Section 6110 of the Code authorizes counsel to agree in writing upon an abstract of the'record, by way of its abridgment on appeal. But no penalty is authorized in case counsel for either party should refuse to make such an agreement when proposed by the other. It appears that the answer and cross-bill of the respondent Fleming was wholly foreign to the issues and purposes of this appeal, and that it fills 11 of the 25 pages of the transcript of the proceedings. It should not have been included, but it was the duty of appellant’s counsel to either instruct the register in that regard or else to have moved seasonably for the expunction of the unnecessary matter.

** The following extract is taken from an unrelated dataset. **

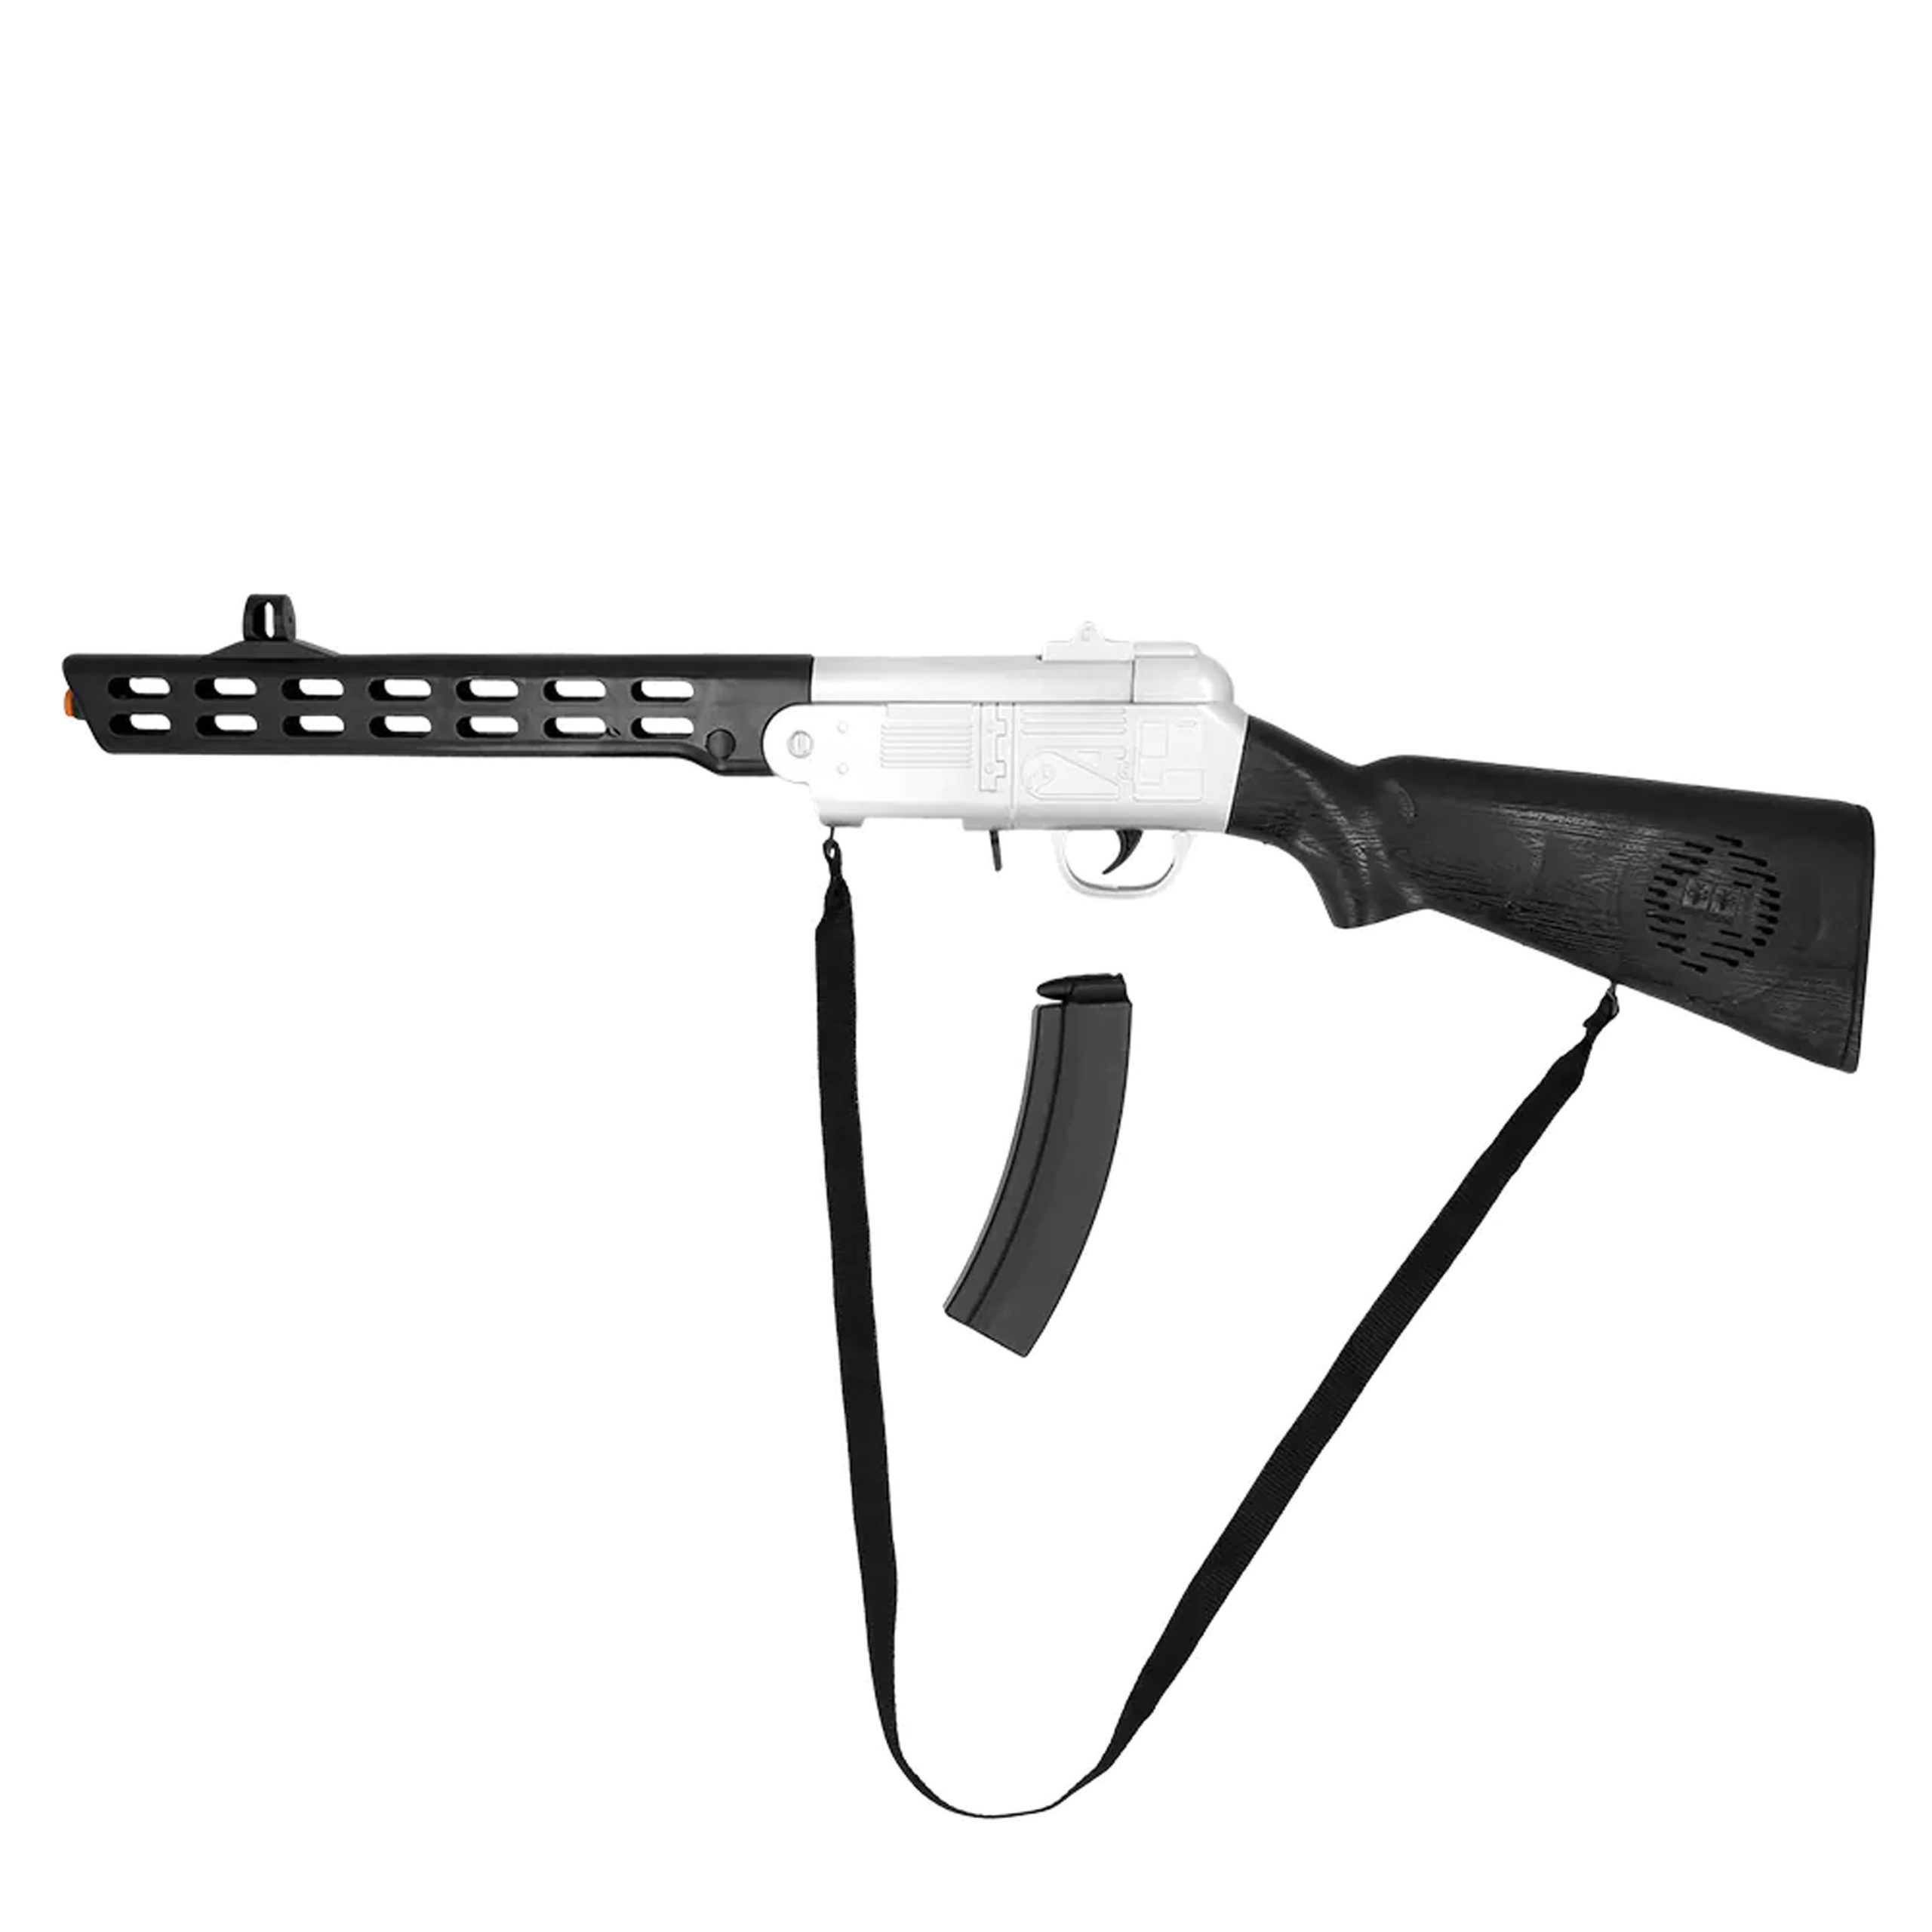 Boland Verkleed speelgoed Politie/soldaten geweer - machinegeweer - zwart - plastic - 67 cm

But such a motion must be promptly made at the first opportunity, and comes too late afterwards. Barr v. Collier, 54 Ala. 39, 44. No motion has been made in this case, and the question is not properly before us.

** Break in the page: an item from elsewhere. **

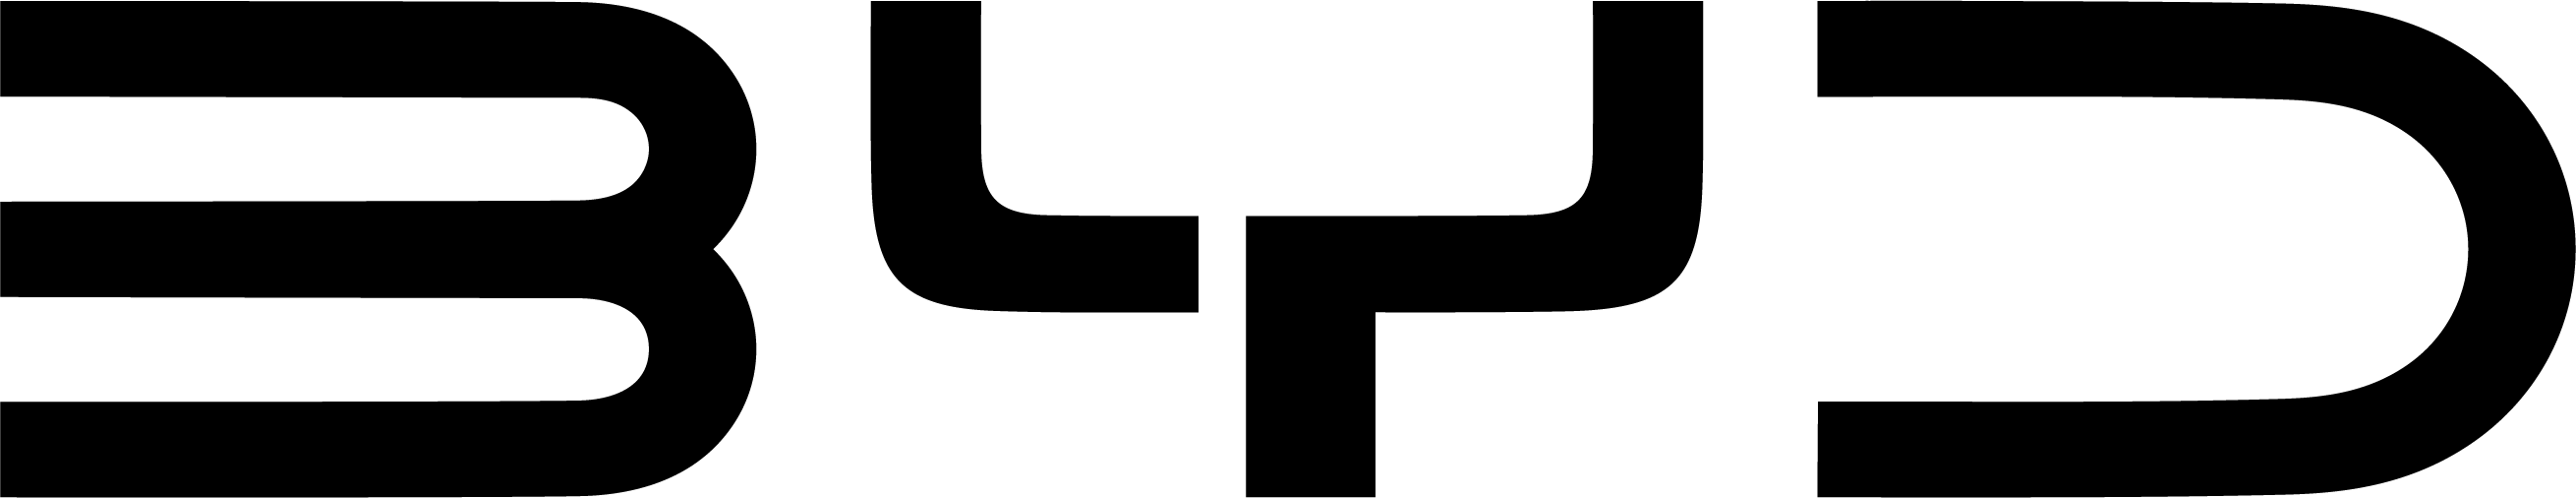 BYD-Logo_black

The decree of the circuit court will be affirmed.
ANDERSON, C. J„ and. THOMAS and BOULDIN, JJ„ concur.
[REHEARING — SOMERVILLE, J.]
On Rehearing.
SOMERVILLE, J.
Conceding that the prayer of the bill seeks to charge the entire distributive interests of those respondents who are indebted to the estate of their mother, Nancy Stokes, with their respective debts, instead of their interests in that fraction of the lands descended from her — to which the equity of the charge is of course limited— yet this does not render the bill demurrable. In such a case the court will simply disregard the prayer, in so far as it prays for excessive relief, and decree according to the facts alleged and proved. Wilks v. Wilks, 176 Ala. 151, 57 So. 776; Pickens v. Clark, 203 Ala. 544, 84 So. 738.
The amendment to the bill of complaint does leave in doubt the disposition of the interest of John A. Stokes, but it sufficiently alleges, in the alternative, the interest of John A. or S. K. Fleming, as purchaser at execution sale. There will be no practical difficulty when the evidence is before the court.

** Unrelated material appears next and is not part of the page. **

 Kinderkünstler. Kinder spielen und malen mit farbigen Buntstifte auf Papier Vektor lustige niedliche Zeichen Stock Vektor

Counsel conceive that we are repudiating the rule announced in Martin v. Cannon, 196 Ala. 151, 71 So. 996, viz., that in a hill for the sale of land for distribution the respective interests of the cotenants must be alleged. But that case is clearly distinguishable from this. There the bill showed that the respondent owned an undivided three-fourths interest, and the three complainants jointly an undivided one-fourth, and there was nothing to show in what proportion they owned their fourth. Here the entire estate except Fleming’s alternatively stated interest of one-tenth, came to the parties by descent, and, as matter of law — not of inference — it vested in equal parts in the heirs. Hence, on the facts alleged, the law deter'mineg the interest of each cotenant, which is a matter of mathematical computation merely. In such a case a specific allegation in figures is not essential. To require it would be a sheer technicality, which we cannot sanction. We find no reason for changing our conclusions, and the petition for rehearing will be overruled.
ANDERSON, C. J., and THOMAS and BOULDIN, JJ., concur.